Анна-Мария-Луиза закусила губу, по-прежнему не поднимая взгляда от тарелки.
— Они готовы были жениться на мне только ради денег. А я… я хочу, чтобы кто-нибудь полюбил меня ради меня самой. — Голос у нее дрогнул.
— Ты рассуждаешь, как молочница, — голосом, в котором звучало нескрываемое презрение, заявил король. — Ты — внучка короля Франции. И твой брак — вопрос политический. Это должен быть союз, который принесет нашему трону богатство и влияние.
— Значит, меня можно продать, как корову, тому, кто больше заплатит? — отозвалась Анна-Мария-Луиза, судорожно сжав руки.
— Если я так велю, — был ответ. — Иной пользы от тебя быть не может.
И вновь за столом воцарилось долгое напряженное молчание. Анна-Мария-Луиза едва сдерживала слезы.
— Но ведь Франция наверняка располагает достаточными властью и влиянием? — сказала мать и улыбнулась королю. — Вся Европа только и говорит, что о роскошном дворе «короля-солнце».
На его лице не дрогнул ни один мускул.
— Но такая роскошь стоит денег. И добыть их можно только на брачном рынке.
— Но если Ее Высочество не хочет выходить замуж, — продолжала мать с явным сочувствием в голосе, — то в этом нет насущной необходимости?
— Это — не вопрос выбора. Это — вопрос долга и приличия, — ответил король.
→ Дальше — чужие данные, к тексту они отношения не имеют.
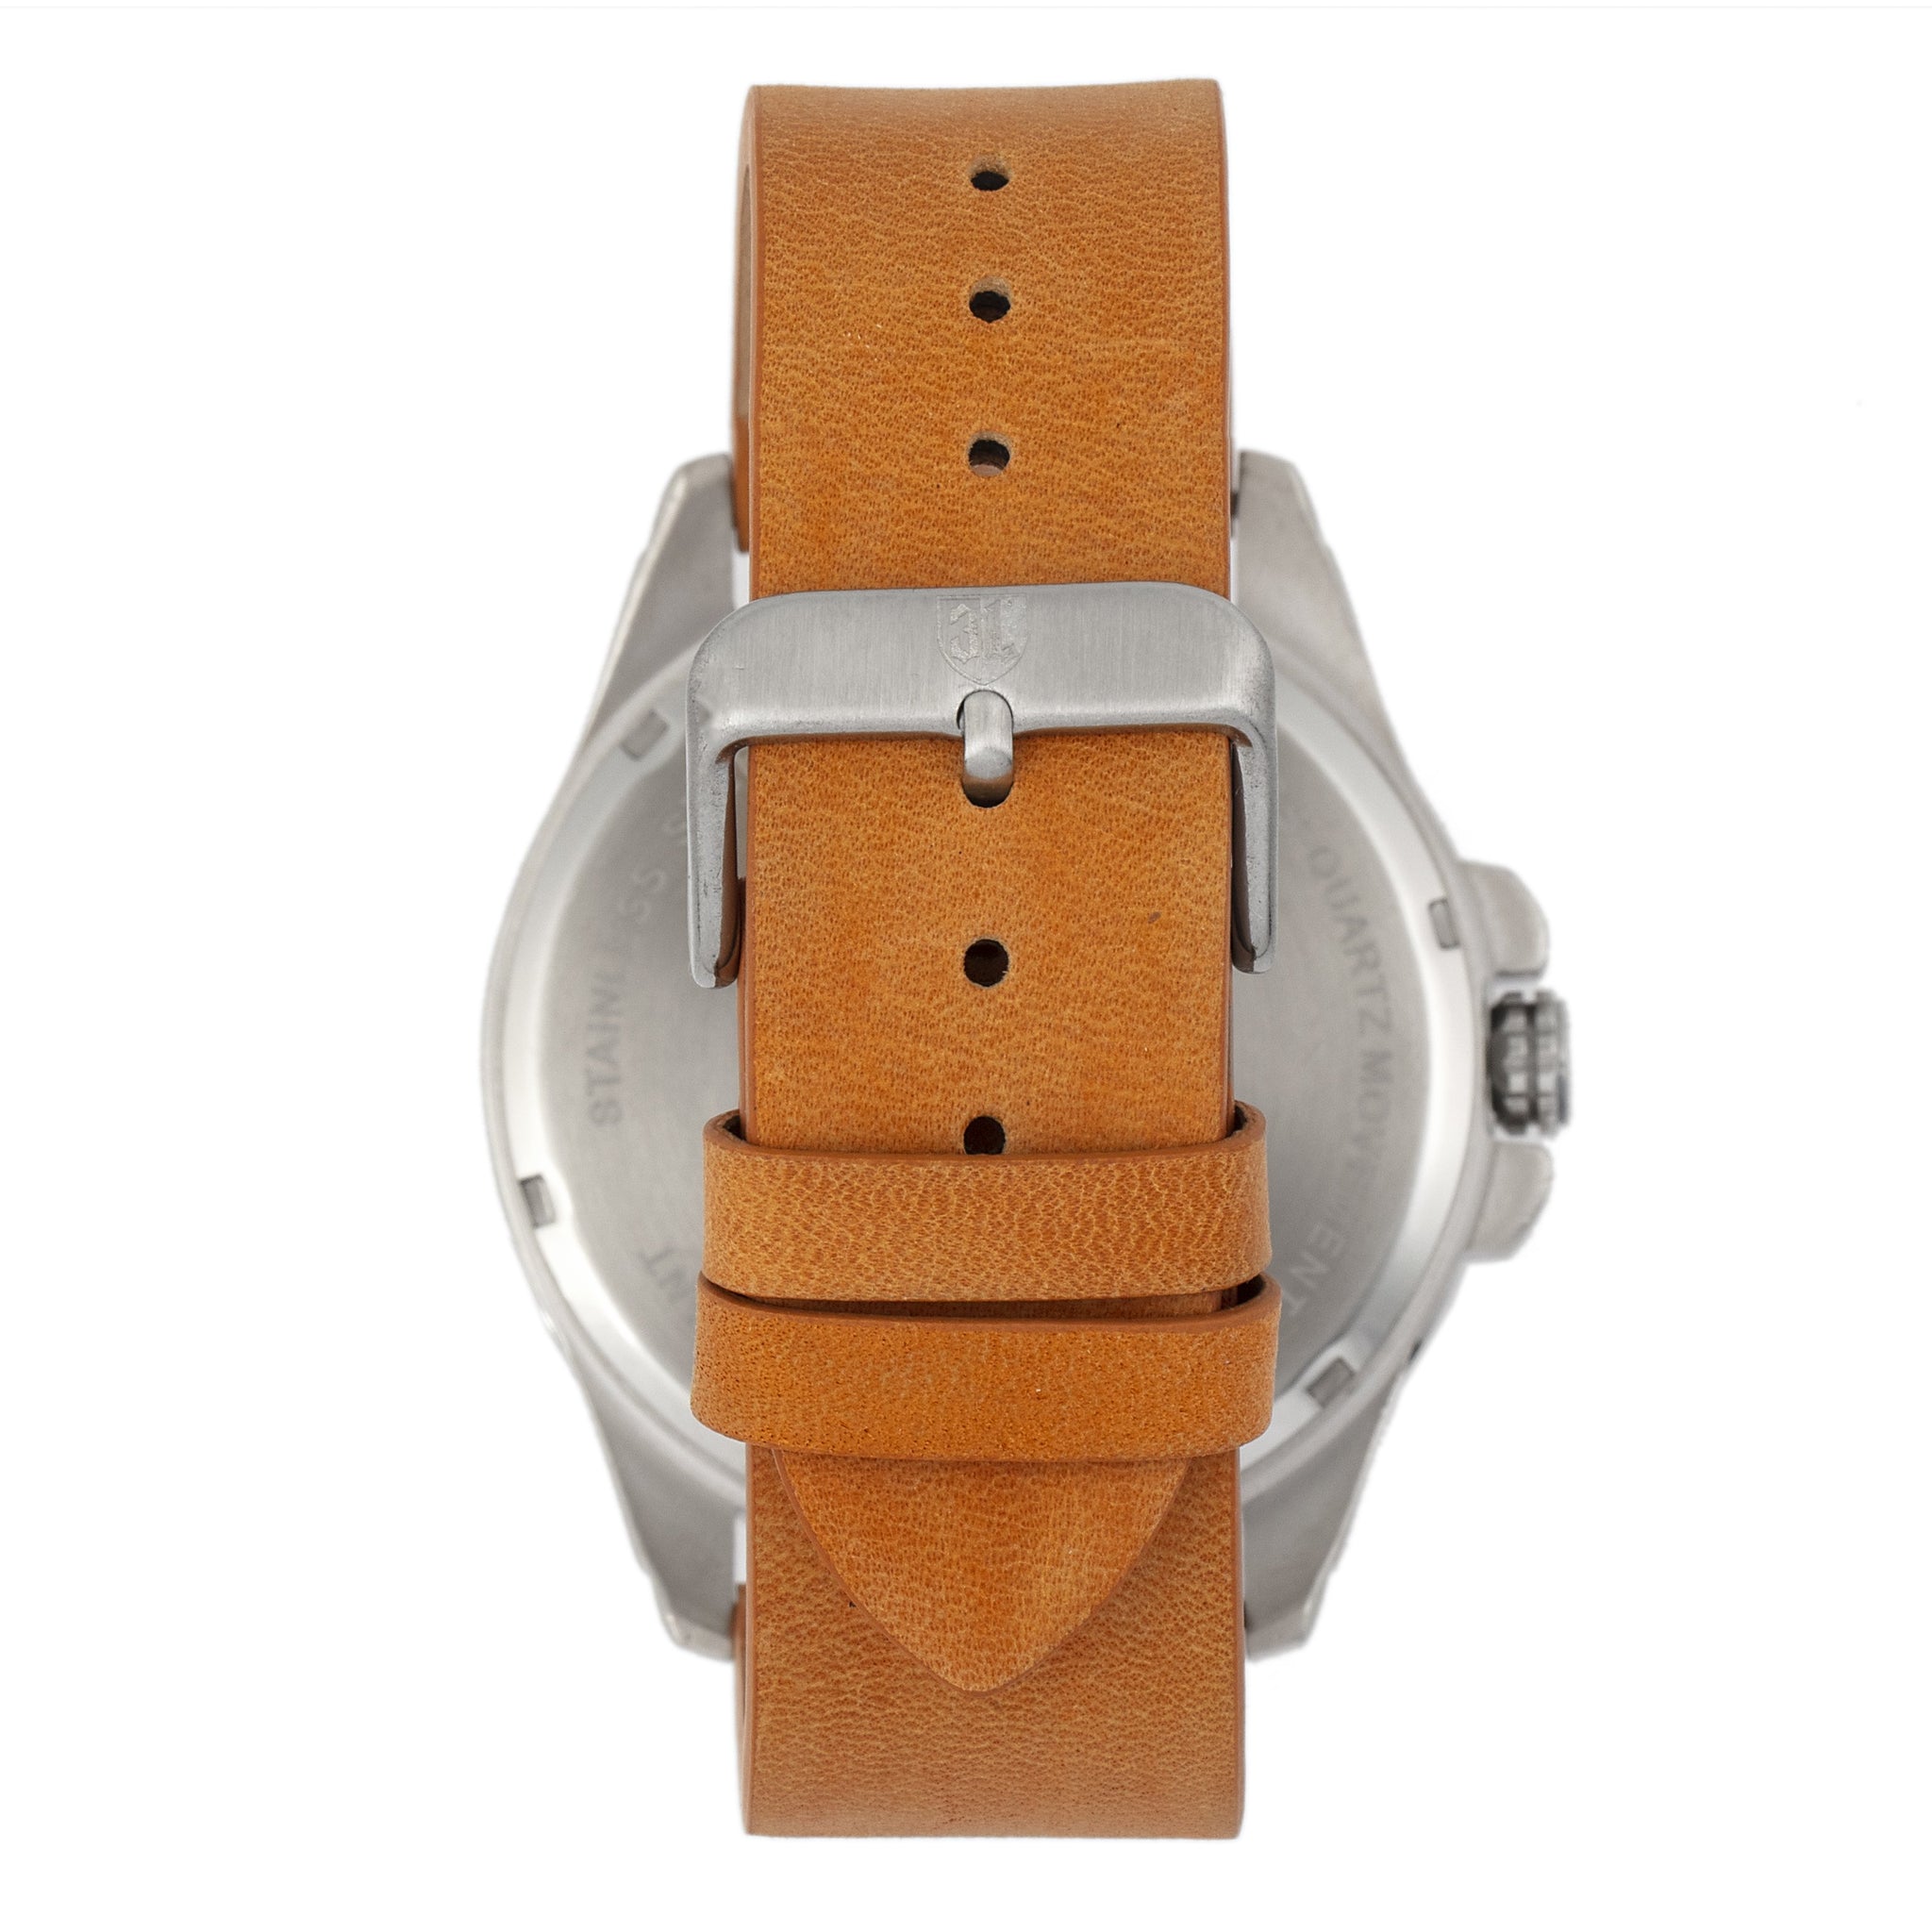 Three Leagues Artillery Leather-Band Watch with Date - Black/Camel/Blue - TLW3L103

— Кроме того, женщине нужен мужчина, чтобы повелевать ею и защищать ее, — добавила королева Анна. — Мой супруг король скончался почти двадцать лет тому, и я не знаю, что бы делала без помощи и совета моего дорогого Жюля, — и она ласково улыбнулась кардиналу Мазарини, который, откинувшись на спинку стула, хмурил брови, не сводя глаз с лица моей матери.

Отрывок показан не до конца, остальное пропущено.